**BRIEF**: Make an exact copy, without pictures, of the lines below from the one containing "Kichler Lighting 42387" to the last line, both ends included.

**COLLECTED MATERIAL**:

BEGIN

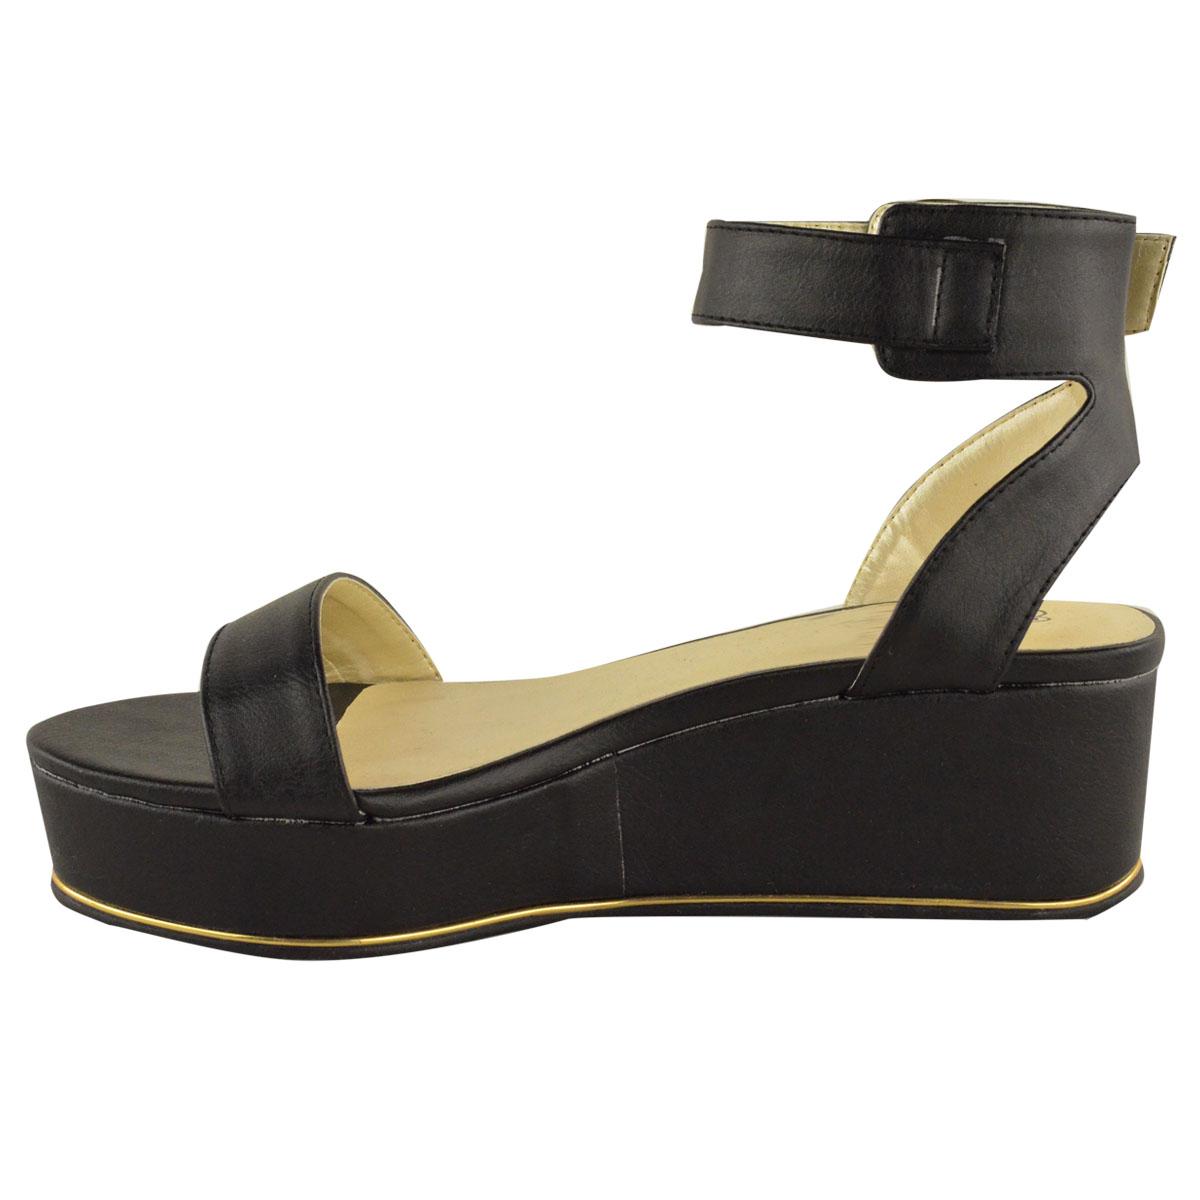 womens low wedge heel ankle summer sandals
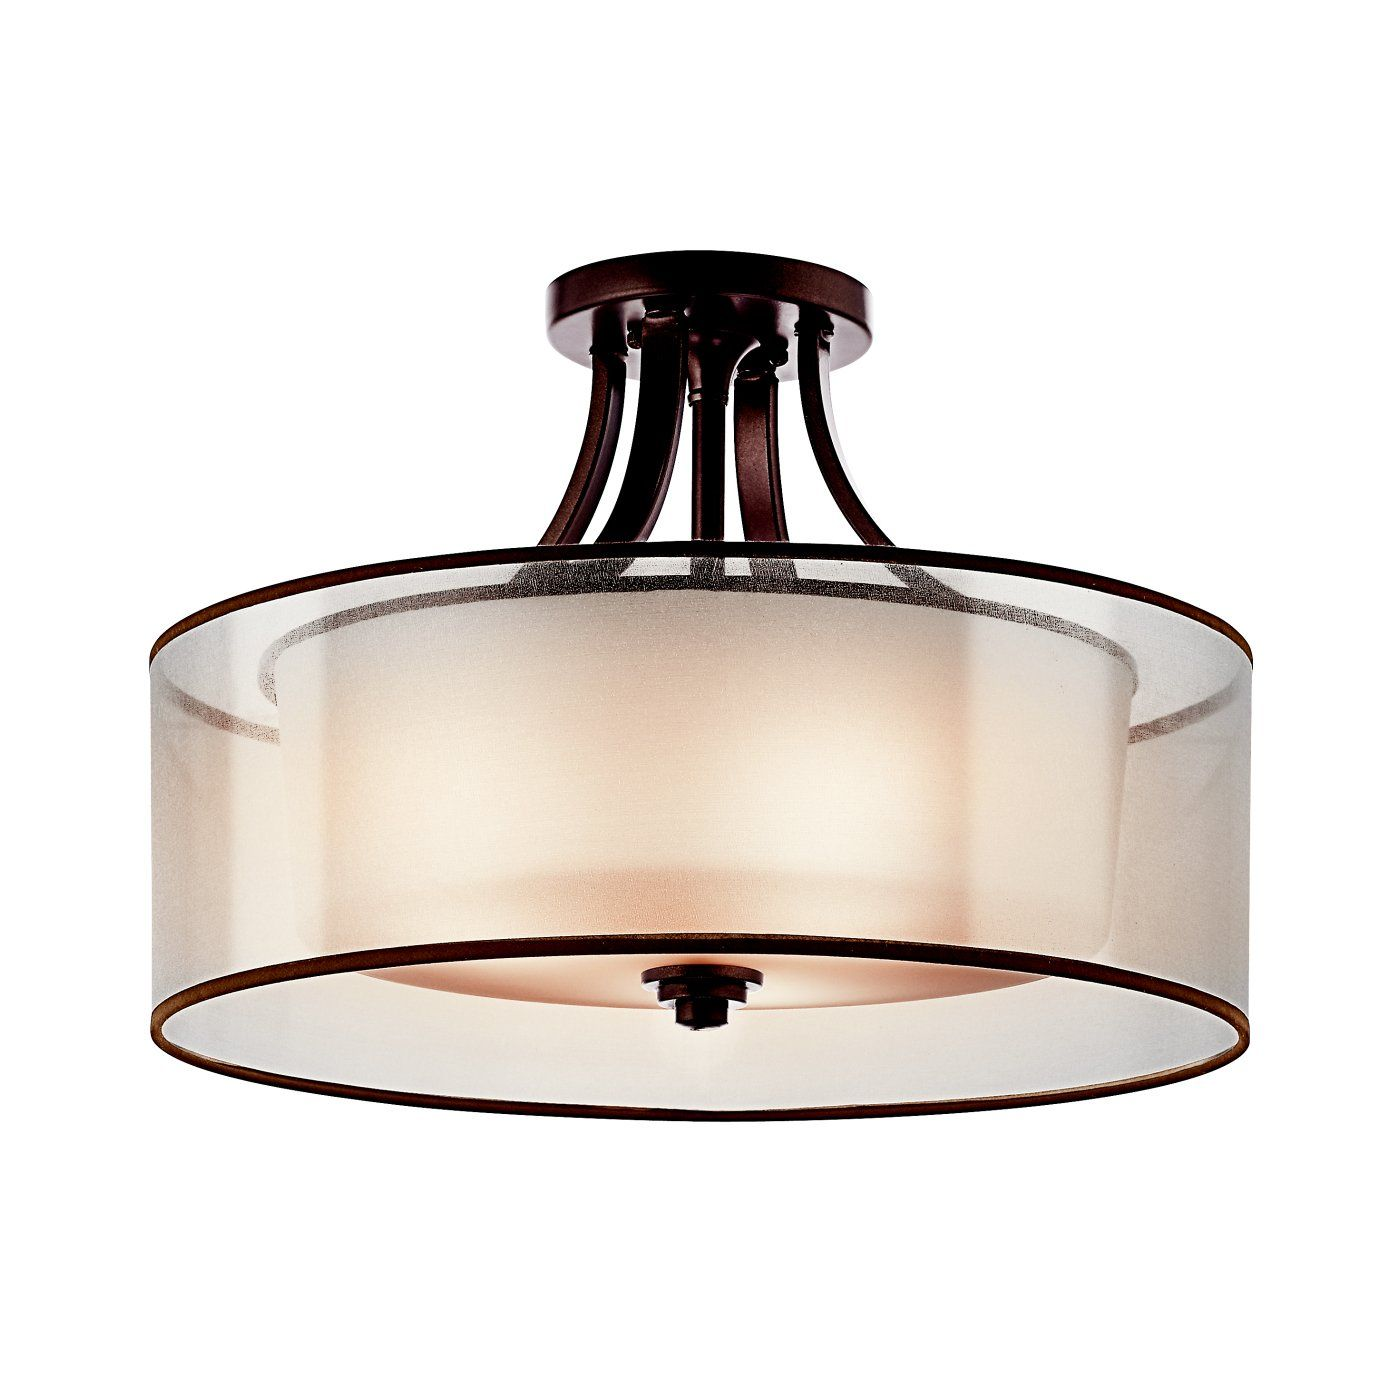 Kichler Lighting 42387 3 Light Lacey Large Semi Flush Ceiling
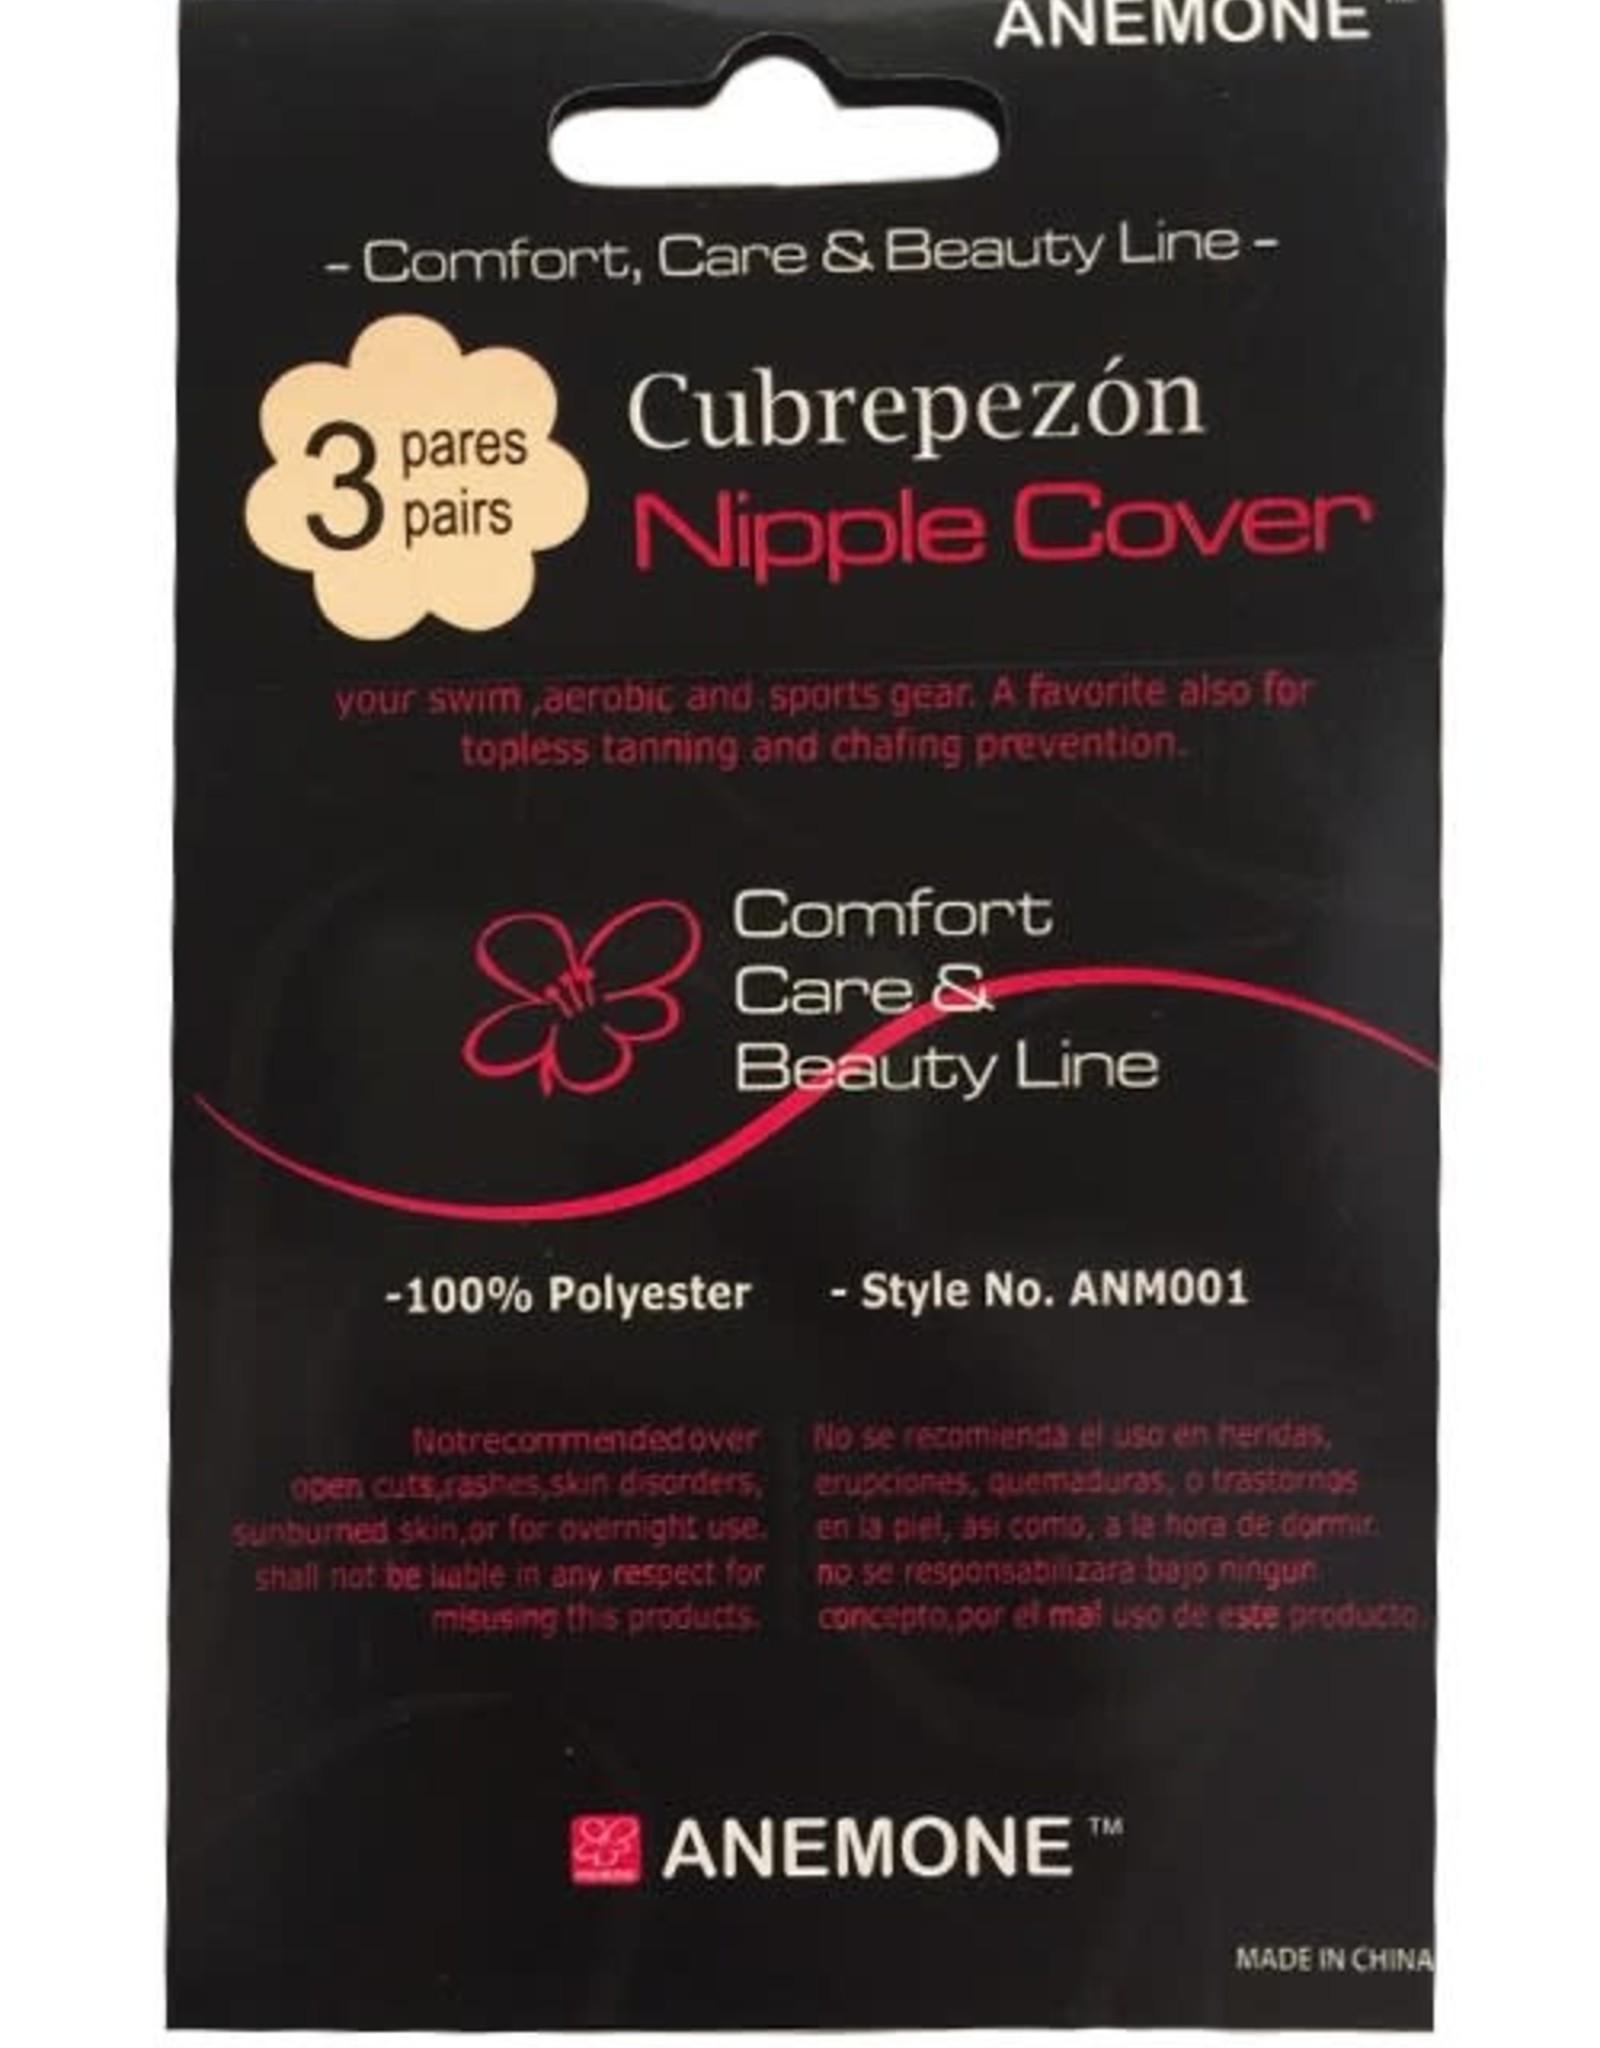 Anemone Adhesive nipple cover petals

END

**TASK OUTPUT**:
 Kichler Lighting 42387 3 Light Lacey Large Semi Flush Ceiling
 Anemone Adhesive nipple cover petals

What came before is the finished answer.